1.  Obtain the text classification flow from Hyperscience.

If you are interested in using the preview version of Text Classification, reach out to your Hyperscience representative to discuss your intended use of the feature, or send an email to [email protected]. If the feature in its current state can meet your needs, your representative will share a file containing the code for the text classification flow.

2.  Create a CSV file with training data.

To train the text classification model, you need to provide a CSV file that contains your training data. The text classification model will use this training data to learn how to classify text samples from the training set.

The CSV file needs to have two columns:

  • text, which contains the text samples you want to train with, and

  • label, which contains a single label for each text sample. 

When adding content to your CSV file, keep the following guidelines in mind:

  • Each text sample  / label pair should appear only once in the file.
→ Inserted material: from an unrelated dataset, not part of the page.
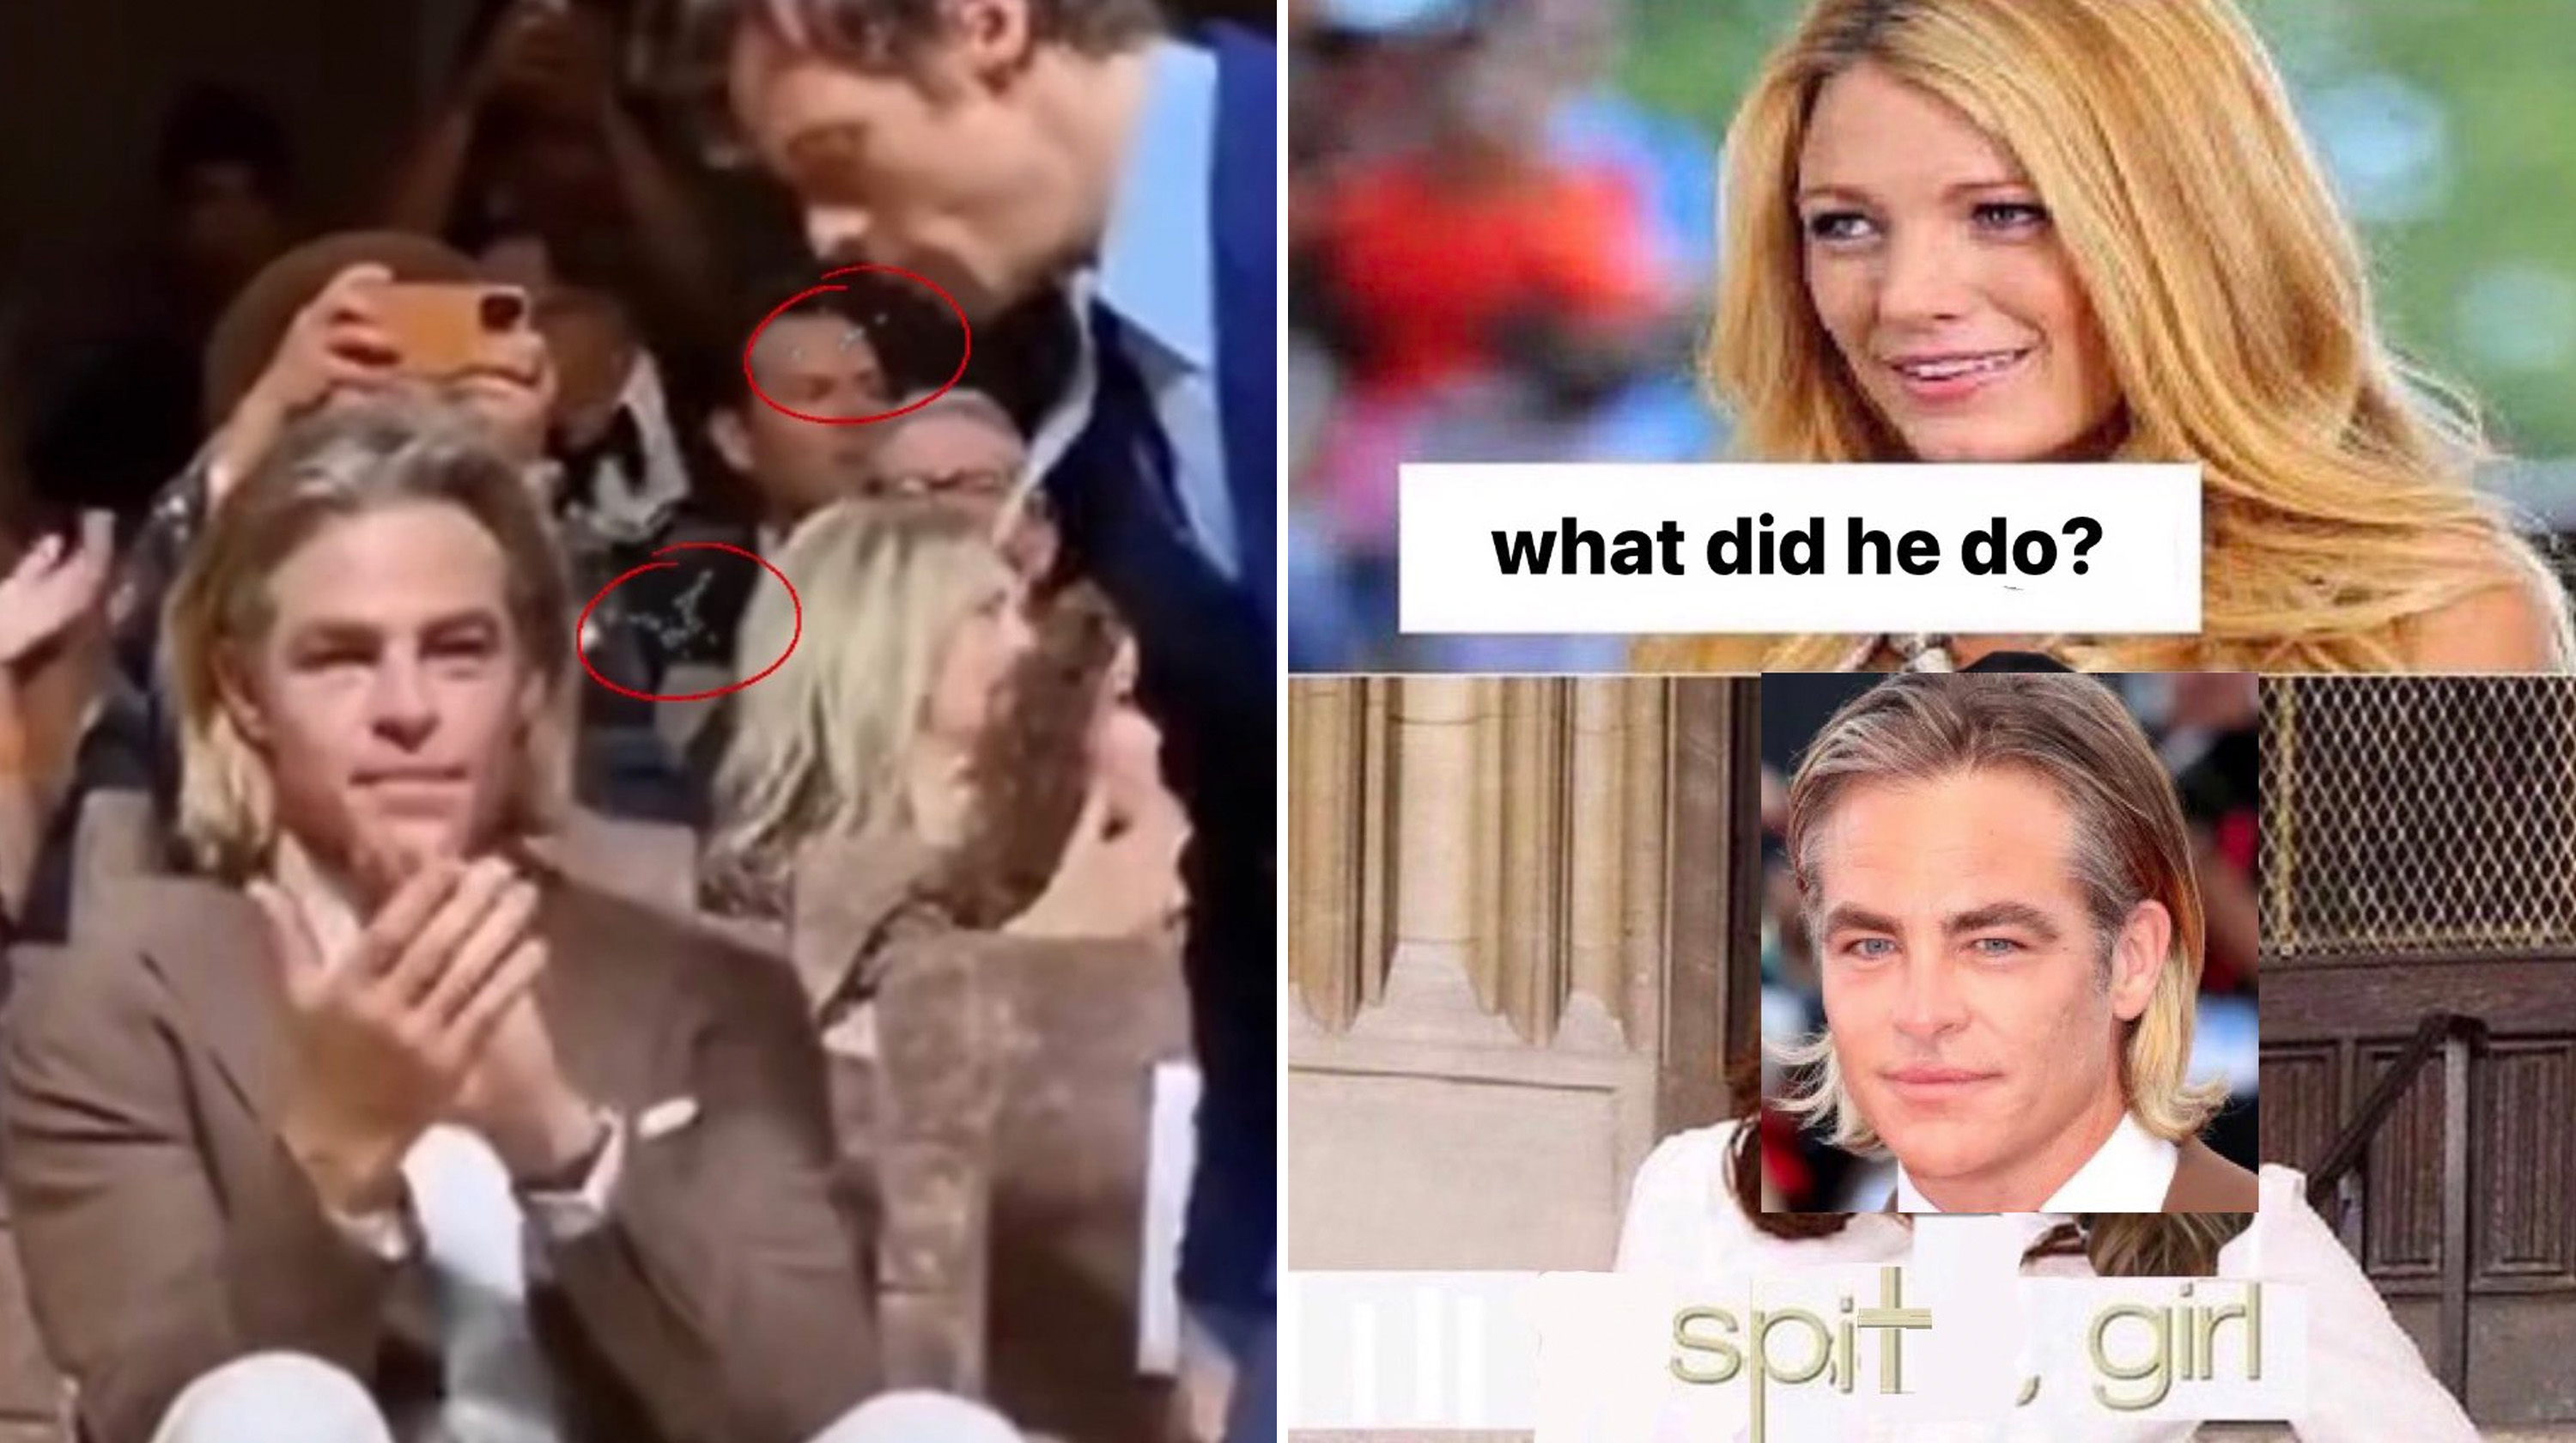 Chris Spine sitting and Harry Styles spitting beside him; Chris and Olivia meme

  • Each text sample should only have one label. Do not include the same text sample multiple times with different labels.
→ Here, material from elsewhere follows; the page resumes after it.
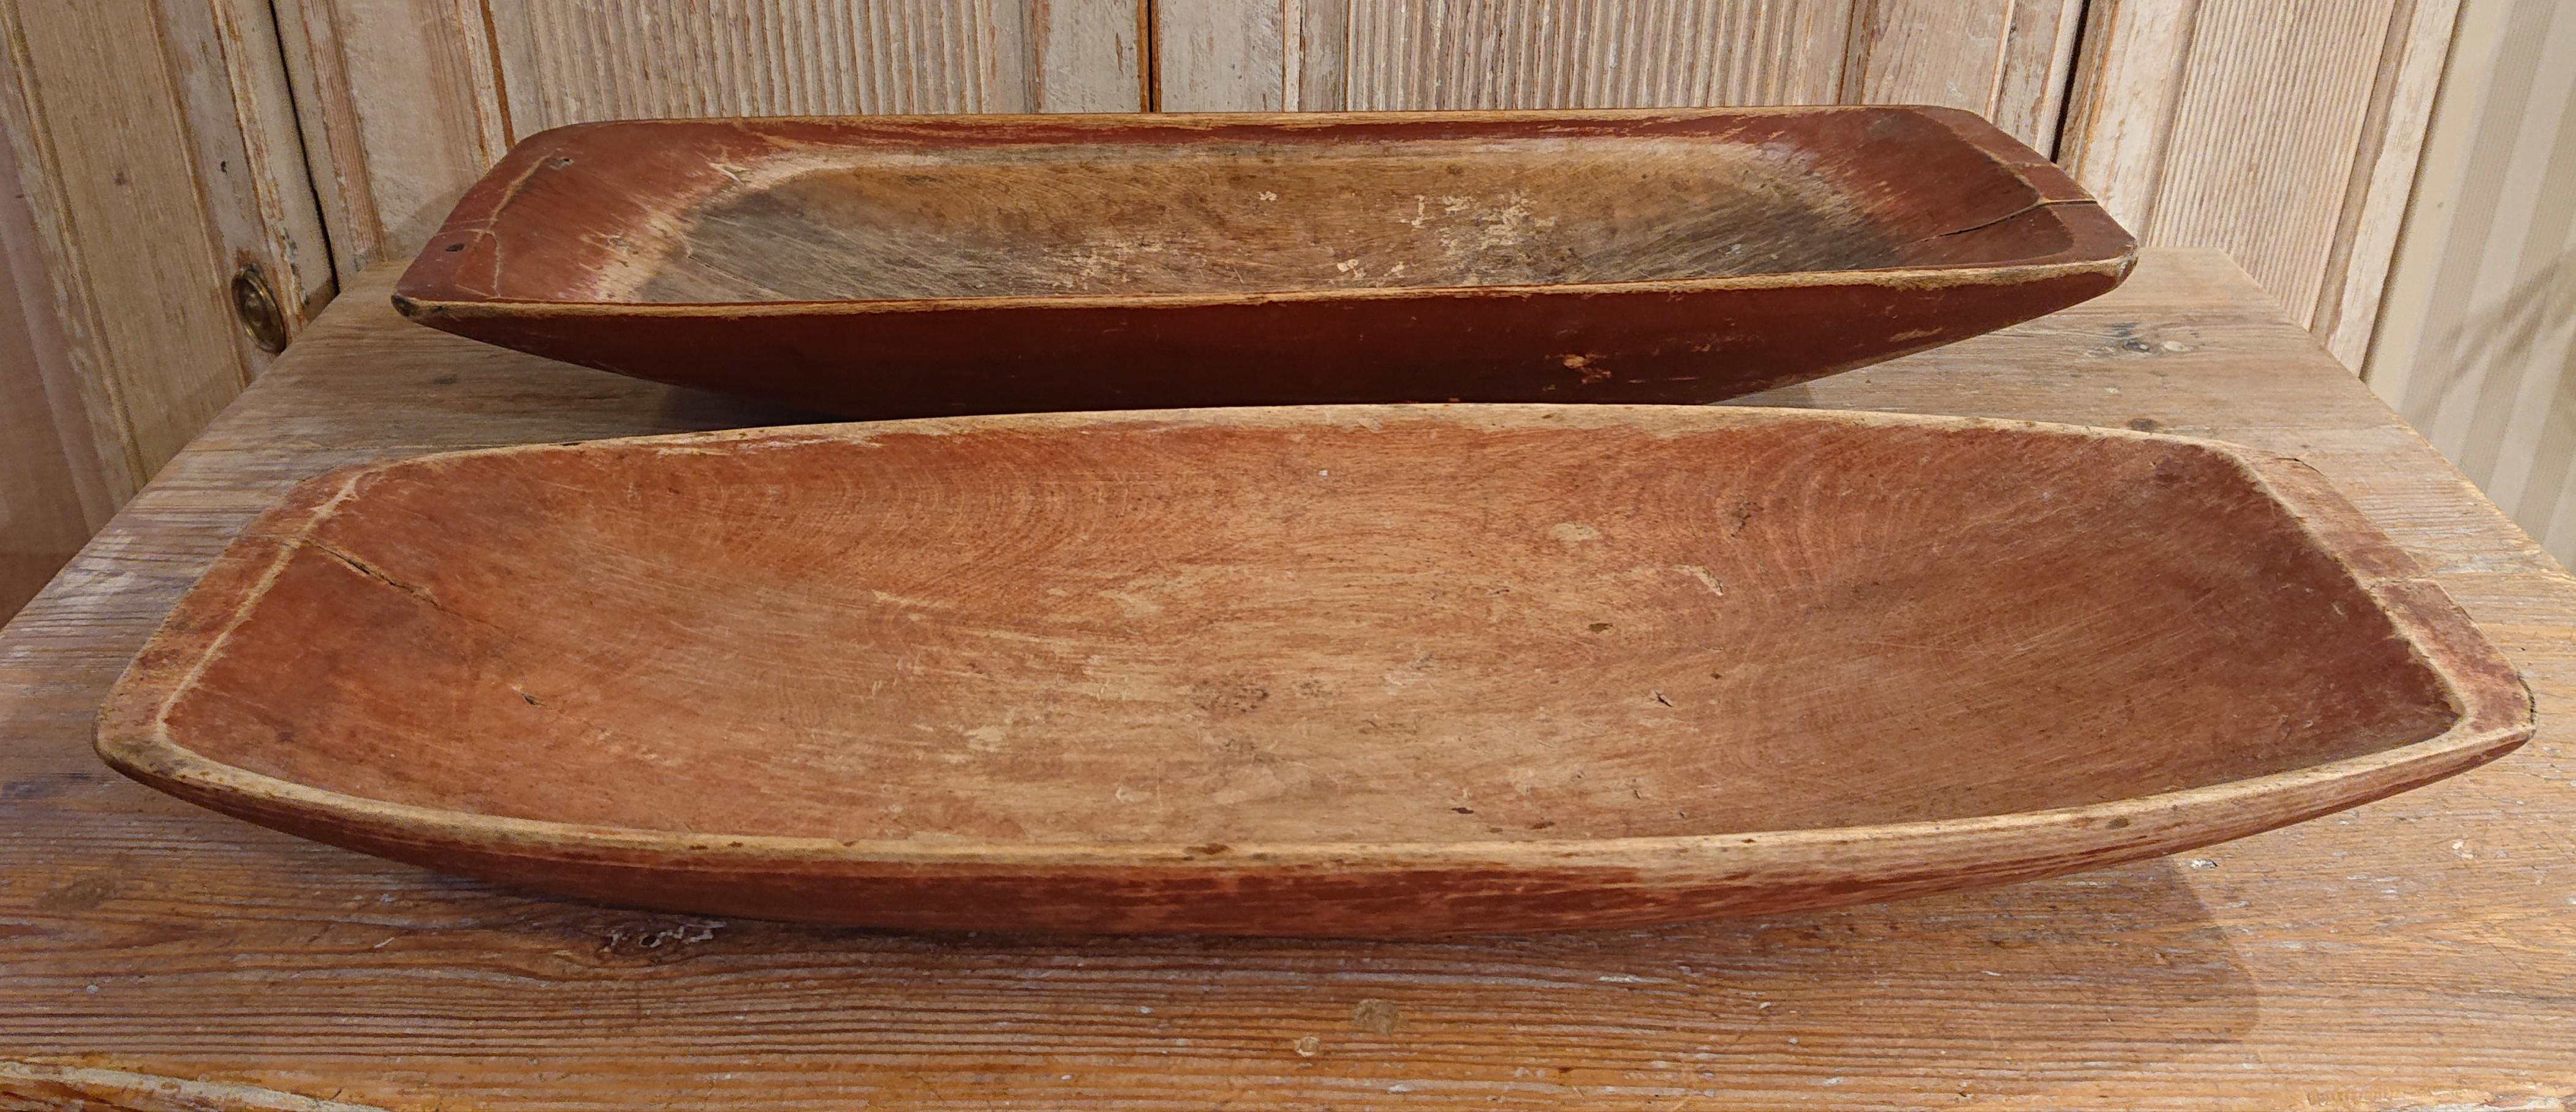 Two Swedish 19th Century Trough with Originalpaint from Northern Sweden For Sale 11

  • Labels need to be consistent across samples. For instance, “positive” and “positive sentiment” will be considered two distinct labels.

  • There should be a minimum of 100 text samples per label. We recommend that you provide more samples than the minimum if you want better performance from the model.

  • If you have more than 50,000 text samples in your CSV file, reach out to your Hyperscience representative for additional guidance before training the model.

  • As is the case for other Hyperscience machine learning models, the quality of the training data dictates the performance of the model. Ground truth errors should be avoided as much as possible.

3.  Create a release for text classification and obtain its UUID.

  1. Choose a layout variation whose extracted text you would like to classify. You can choose any Structured or Semi-structured layout variation.

  2. Find the layout variation in the Layout Library (Library > Layouts), and note the name of the field whose extracted text you would like to classify.

    • You can classify text from multiple fields, but the same model and training data will be used to classify all of those fields.

  3. Create a release that contains the layout variation.

    • The release can contain other layout variations, as well, and the model will classify any fields with names you chose in step b.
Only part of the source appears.